Gianmario.Scotti_at_nokia.com
Date: 2003-06-16 11:12:58

Hi,



just wanted to chime in on SRAM vs. DRAM: SRAM is much faster, for reasons that are not simple to explain, but boil down to the fact that DRAM needs a special read access sequence, more complex than the one for SRAM. That's why cache memory is SRAM.

As for consumption, well, that depends. On one hand, fast SRAM memory, like the one used for cache RAM, is highly energy-consuming, because in order to have fast access times, relatively high currents in the flip-flop branches are necessary (higher current -> faster parasite capacitance discharge -> quicker writes & faster access). On the other hand, SRAM can be made also very energy-efficient, so it can be used for NVRAM. Take those Dallas NVRAM chips for example: they can maintain data for more than a decade. NVRAM is battery-backed SRAM.

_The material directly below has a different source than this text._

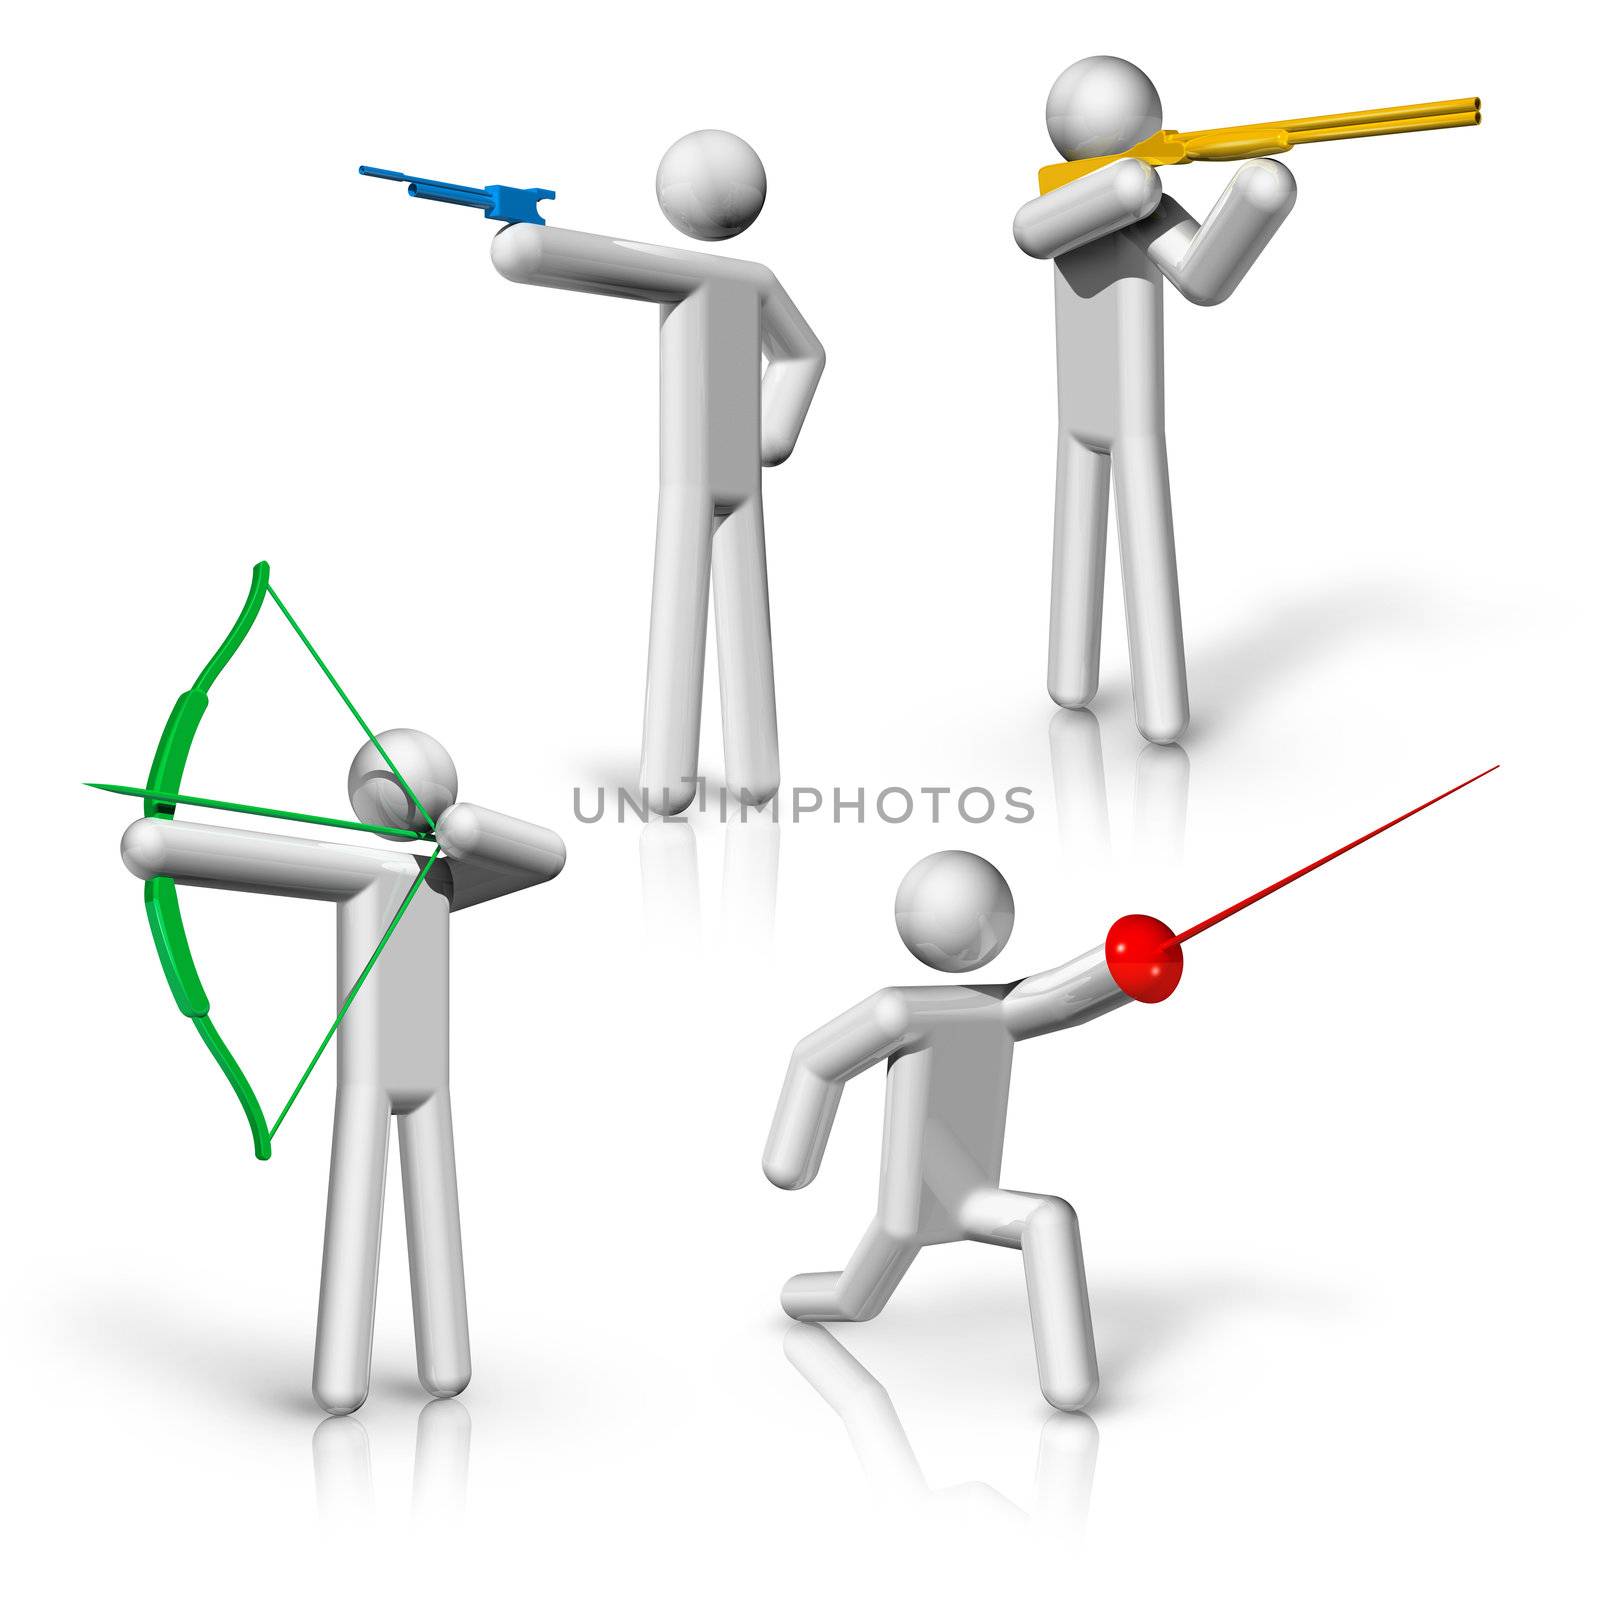 sports symbols icons series 1 on 9, Shooting, archery, fencing
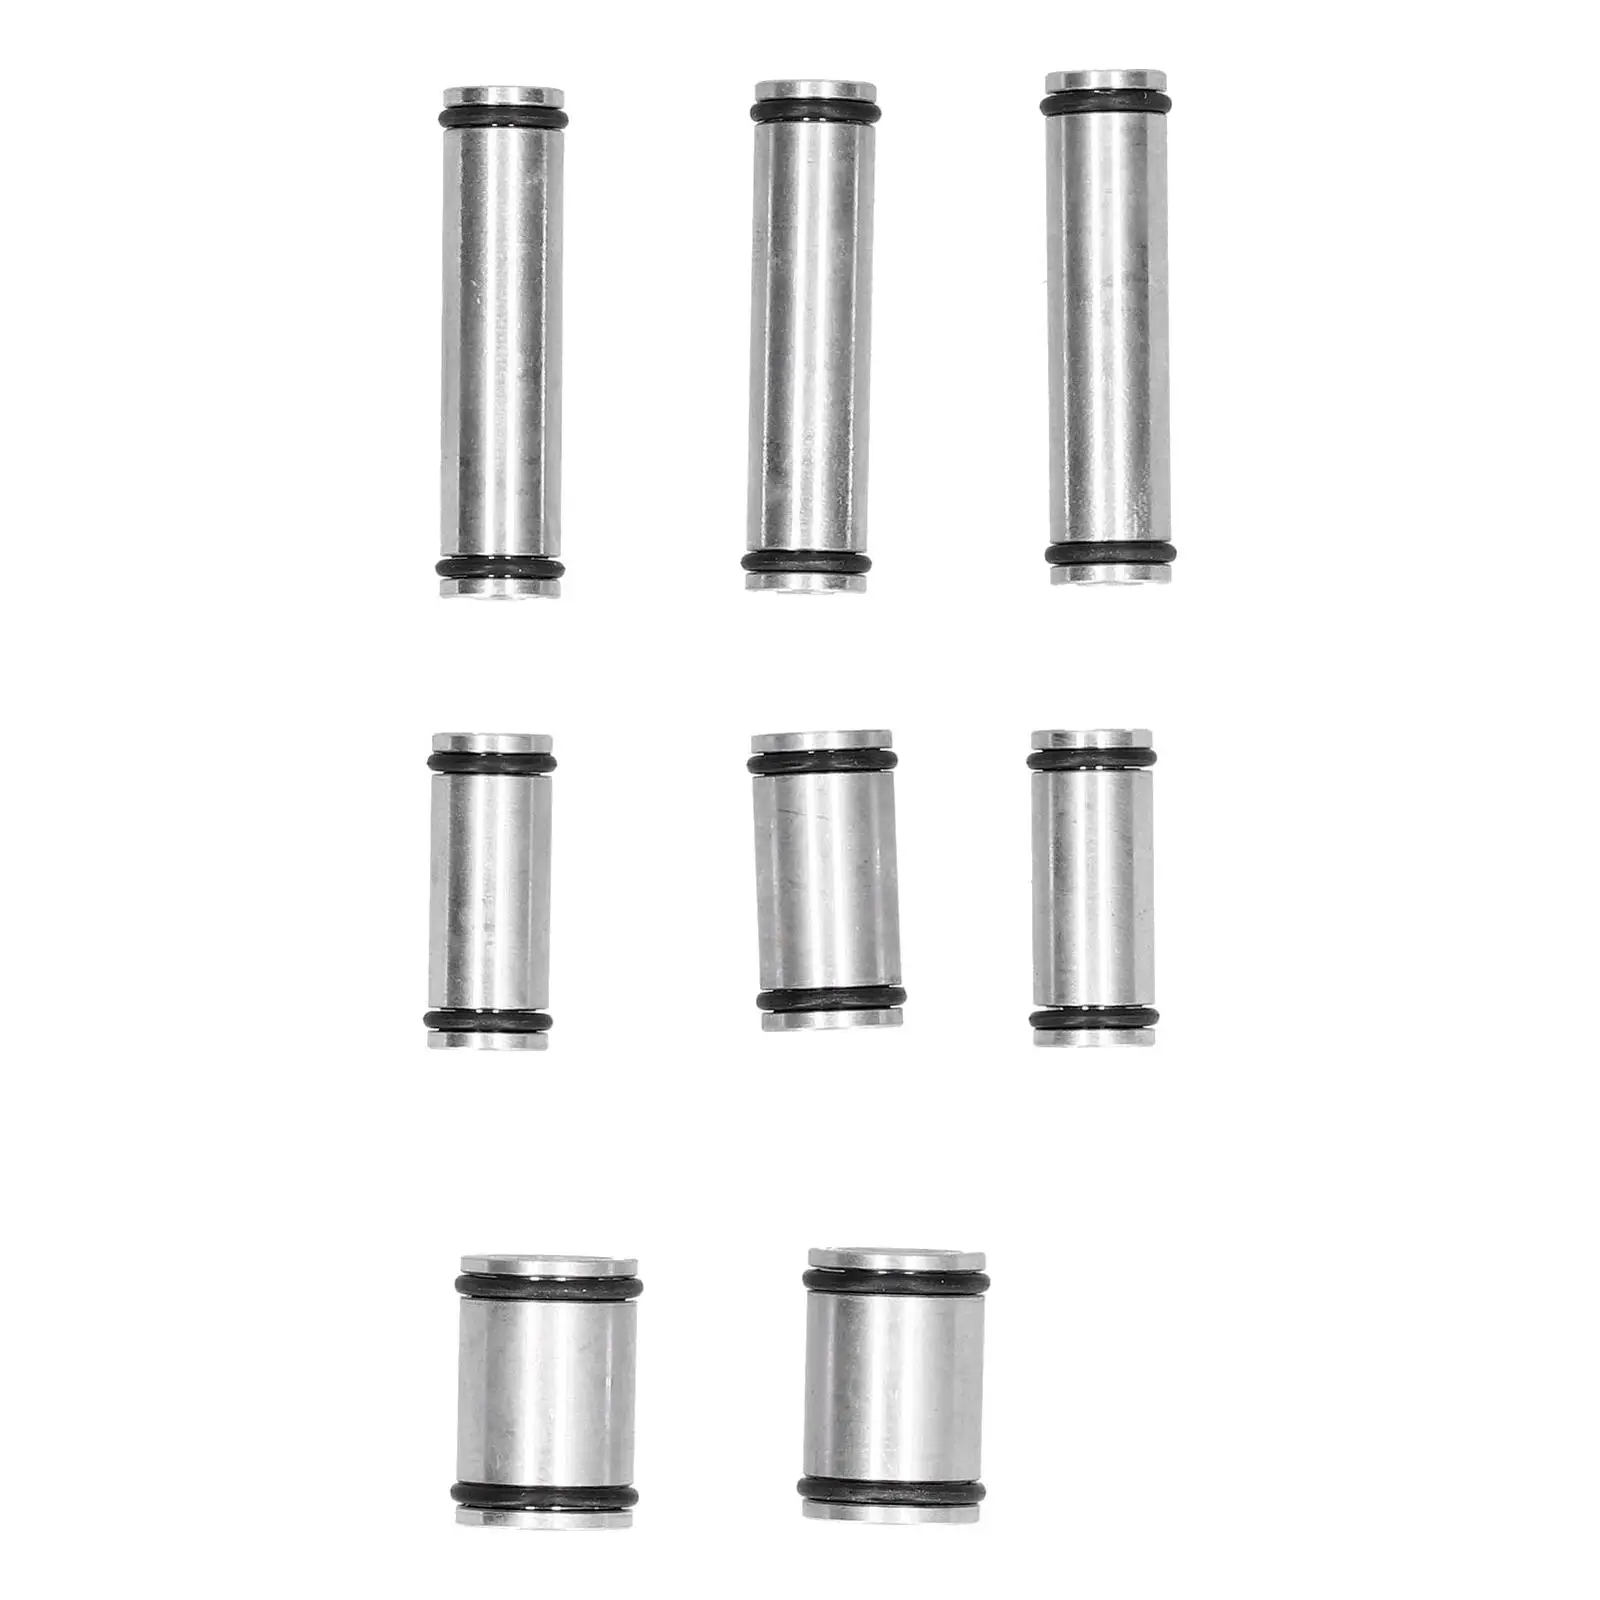 8 Pieces 0BH321477 Oil Pipe Replace Parts Car Dq500 0BH Metal Fit for Transporter 09-11 L4 2.0L

So does SRAM consume less power than DRAM? Funnily enough, each expert seems to hold a different opinion on the subject, but my personal experience seems to indicate that SRAM consumes less energy than DRAM of comparable transistor technology and speed.


just my two cents of an euron


mario


P.S. This is my first post in cbm-hackers. I always top-post. Is that considered very rude here? 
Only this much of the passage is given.